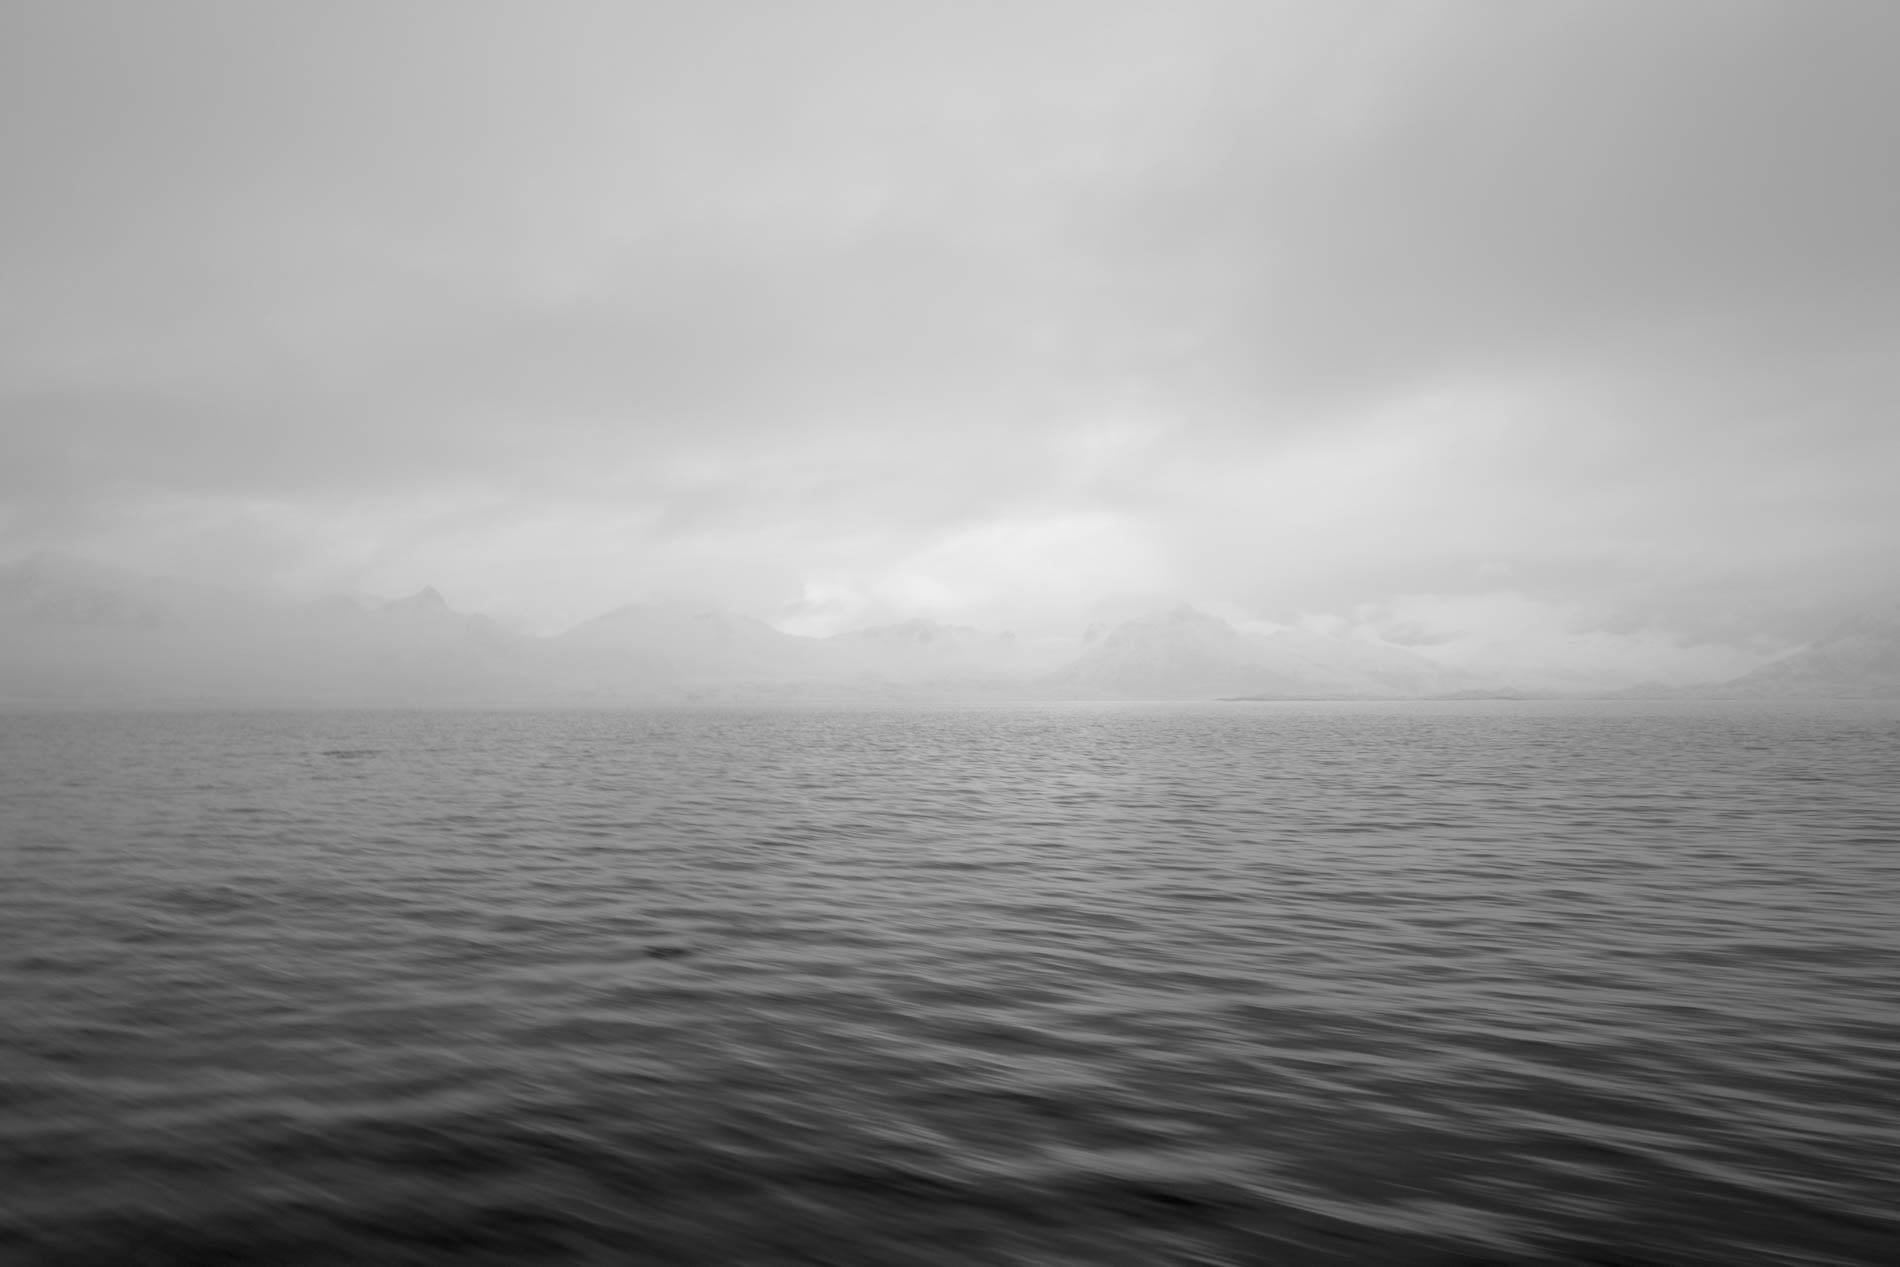 lofoten-8269.jpg
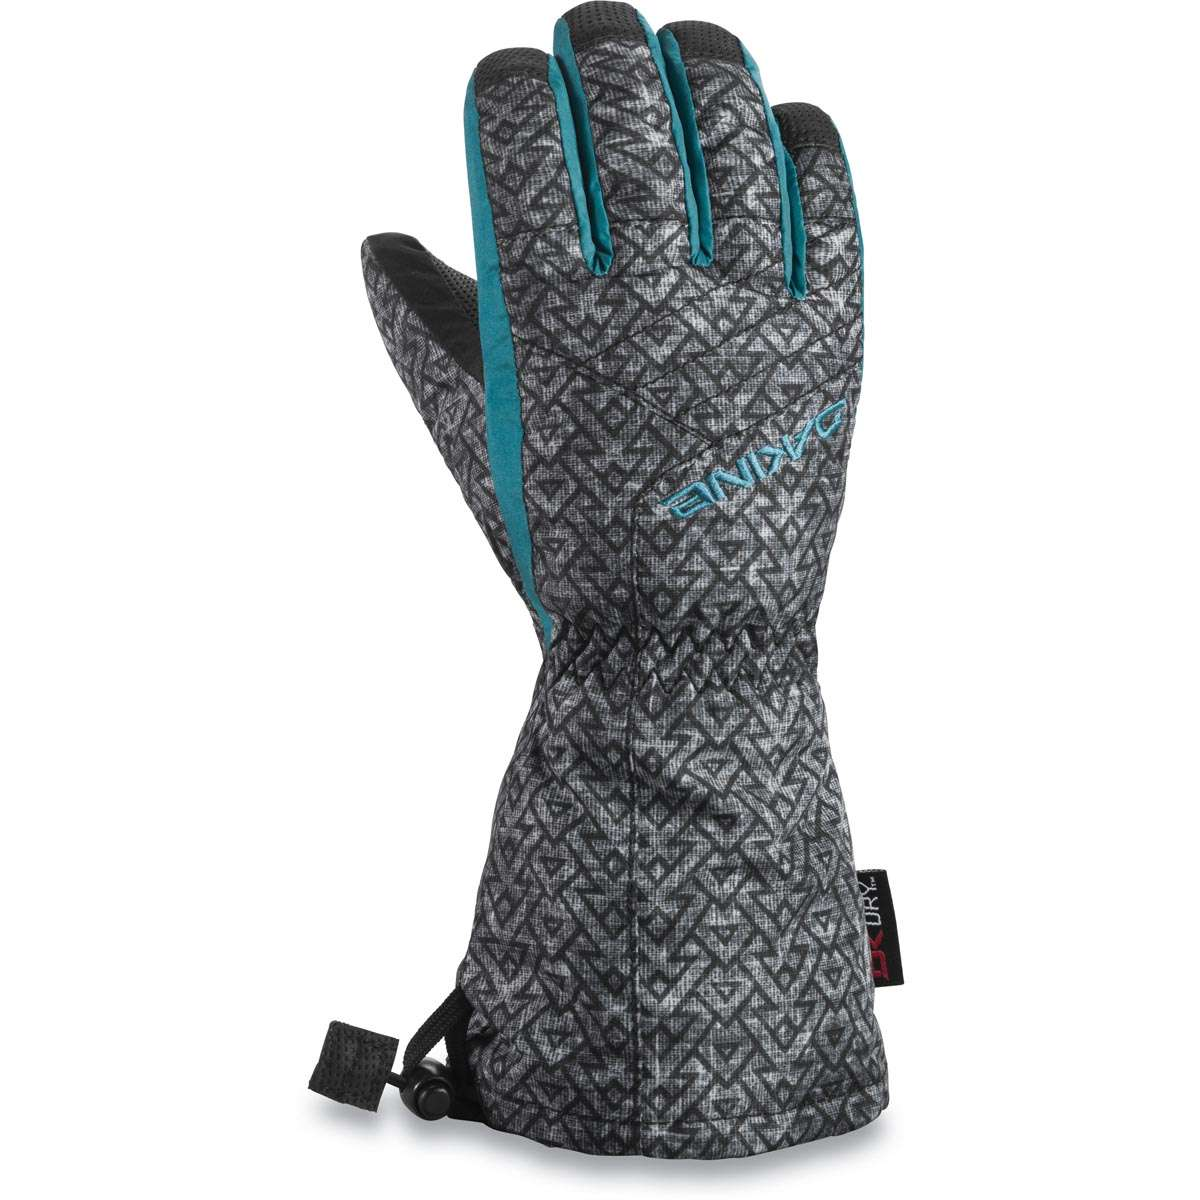 ddcb683b0179a Handschuhe DAKINE Skihandschuhe Snowboard Handschuhe STORM LINER 2019  shadow Herren Bekleidung
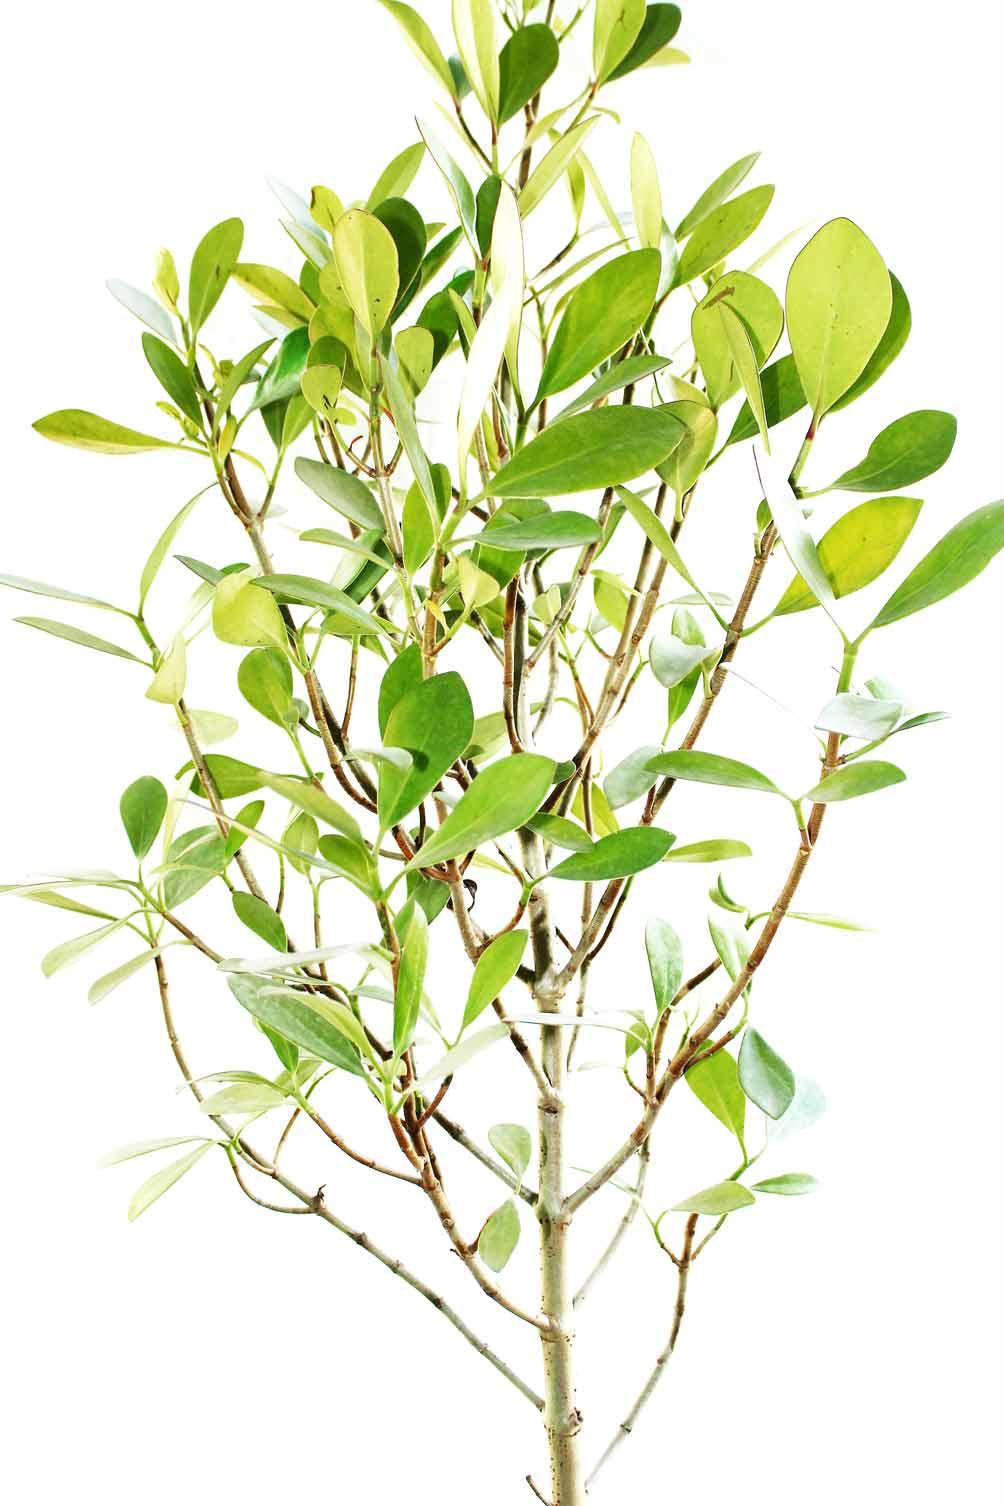 Best Plants For Living Room Part - 45: ... Best Plants For Living Room By Living Room Plants India Best Livingroom  2017 ...

§ **Aim of the task**: Leave out the images and repeat the rest of the data word for word.

§ **Expected output**:
 lofoten-8269.jpg
 ddcb683b0179a Handschuhe DAKINE Skihandschuhe Snowboard Handschuhe STORM LINER 2019  shadow Herren Bekleidung
 Best Plants For Living Room Part - 45: ... Best Plants For Living Room By Living Room Plants India Best Livingroom  2017 ...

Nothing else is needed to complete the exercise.